Java 9 enhanced the logging infrastructure used by the JDK classes with the help of new Service Loader APIs. Until now (Java 8), JDK classes use their own logging infrastructure. With Java 9, we’ll have a choice to use the default logging implementation based upon the java.util.logging or route platform log messages to the logging framework such as SLF4J or Log4J.

6. Language Updates (JEP 213)

There are many minor tweaks introduced with Java 9 language syntaxes, apart from improving the capabilities of interfaces. A Java 9 interface can declare private methods, keeping intact the feature of the default method introduced by Java 8. The try-with-resource statement syntax has been improved. The syntaxes with anonymous class now can infer their designated type. Other improvements included in the area such as annotation @SafeVarargs, deprecated syntaxes, and so forth.

7. Concurrency Updates (JEP 266)

Concurrency updates are minimal and are supposed to be a response in support of the Reactive System public-subscribe network. A handful of interfaces is provided, which can help developers build custom components to support interoperability across various async systems running in JVMs.

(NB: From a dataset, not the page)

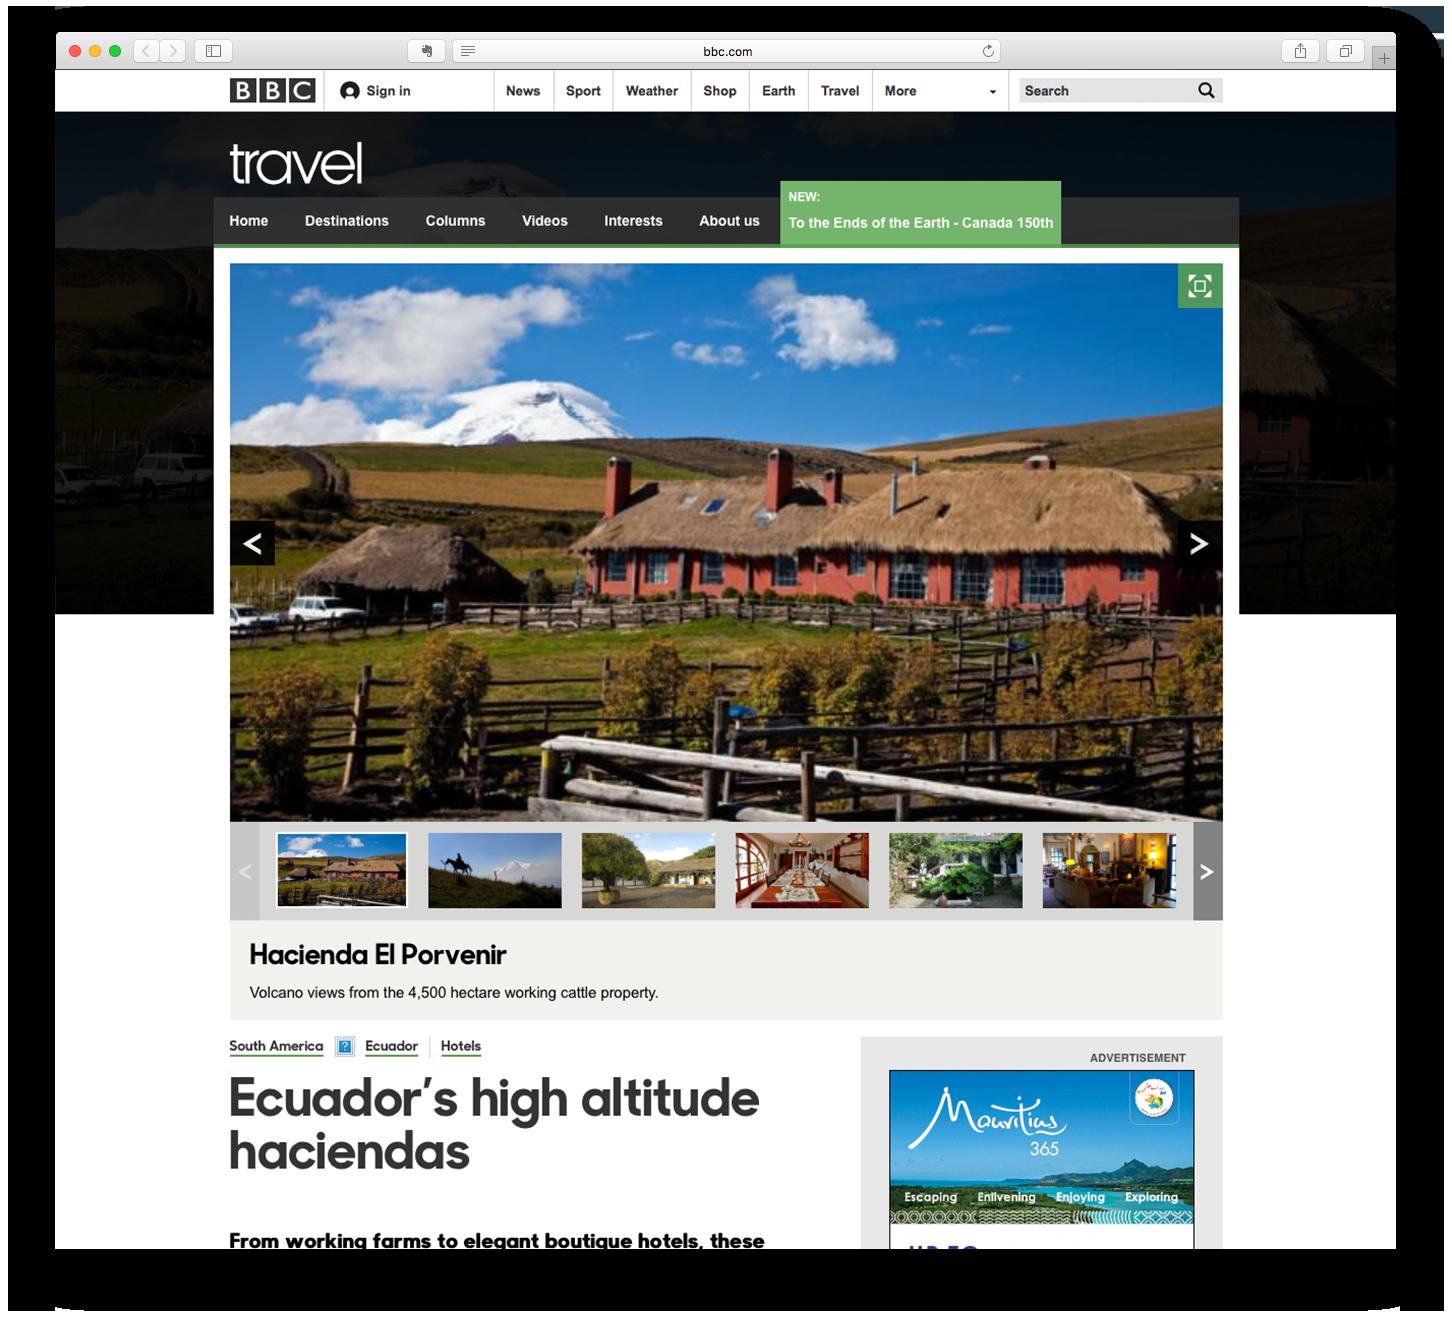 Ecuador's high altitude haciendas

8. Factory Methods for Collections (JEP 269)

Java 9 made important changes in the process of creating an ad-hoc collection with the help of the static factory method. This will work on the Collection interface to create an unmodifiable collection instance. Java 8 and its predecessors had been quite verbose even in creating a simple list, as follows:

List<String> list1 = new ArrayList<>();
list1 = Collections.unmodifiableList(list1);


List<String> list2 = Collections.unmodifiableList(new ArrayList<>
   (Arrays.asList("Quatre", "Cinq", "Six")));


List<String> list3 =
   Collections.unmodifiableList(new ArrayList<String>() {

With Java 9, we’ll be able to achieve the same with the help simple factory method, as follows:

List<String> list4=List.of("Onze", "Douze", "treize");

9. Desktop Features (JEP 272)

Java 9 introduces an API to support the manipulation of platform-specific desktop features. Targeted platforms are Windows, Linux, and Mac OS X. The public APIs will enable programmers to interact with the taskbar or dock, or listening for systems or application events.

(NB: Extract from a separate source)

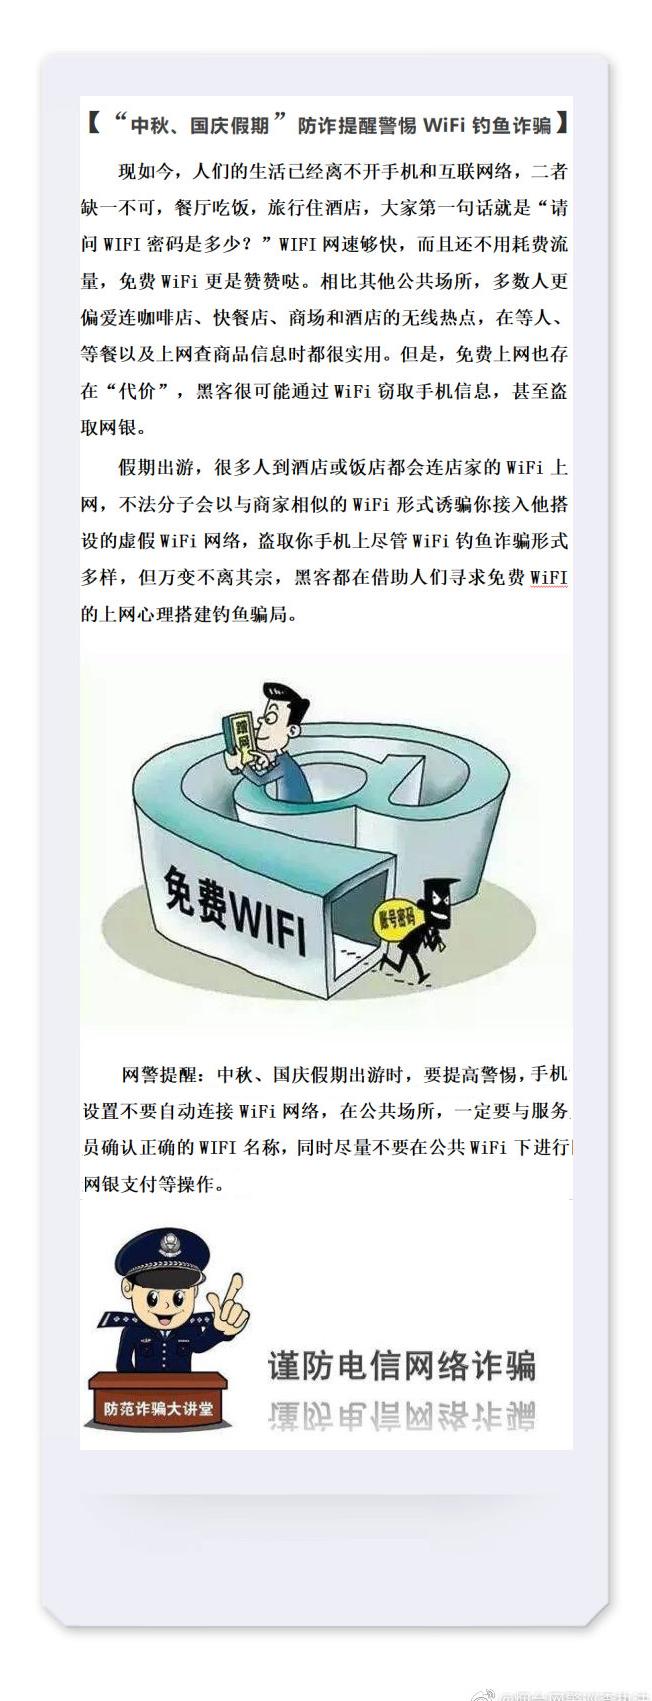 """""""中秋、国庆假期""""防诈提醒警惕WiFi钓鱼诈骗"""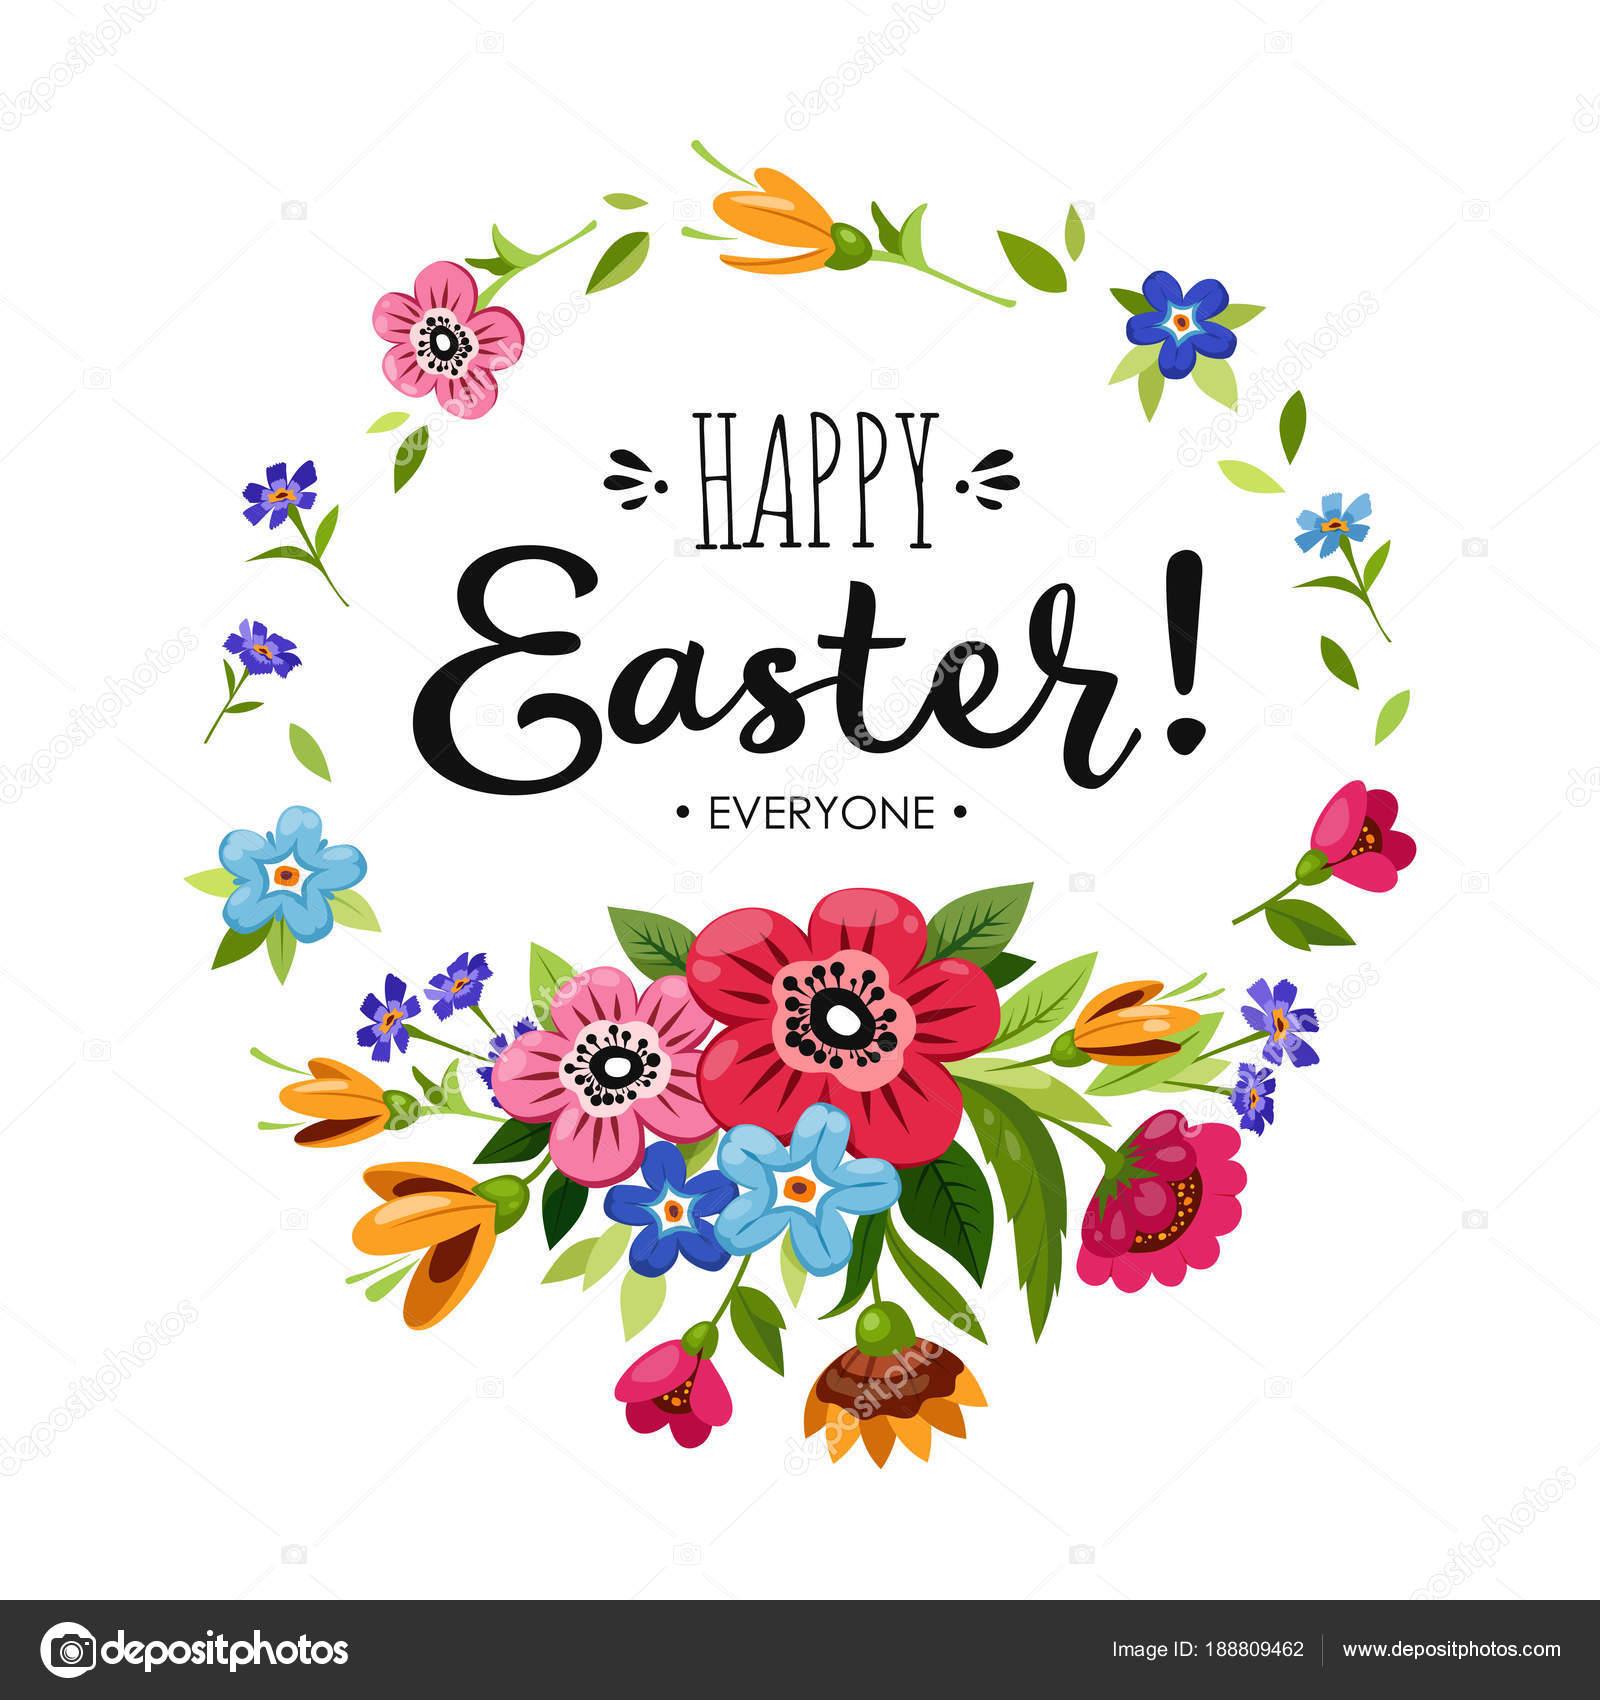 Vorlage Frohe Ostern Karte. Schriftzug Happy Ostern alle in Runde ...

10. Enhancement on Serialization Process (JEP 290)

There has been criticism on the object serialization mechanism conventionally implemented by the core JVM framework. Data transmission is a serialization task and may be compromised, which in turn may make the JVM itself vulnerable. Java 9 seems to take on the issue and provides a sort of filtering mechanism on incoming streams to improve the security and robustness of the existing system of the serialization and deserialization processes.


Apart from these ten, there are many other tweaks and enhancements to be served once the feature complete Java 9 is released. Other improvements areas are in the arena of low-level APIs, networking, XML, Nashorn parsing APIs, existing API extensions, jshell, and so on. Many old APIs have been removed from the core library. Moreover, the JDK 9 file structure also has been revamped. Java 8 and its prior version users will find something new right from the installation directory. However, nothing appeases us until we see the final release. Until then, we wait for the final countdown.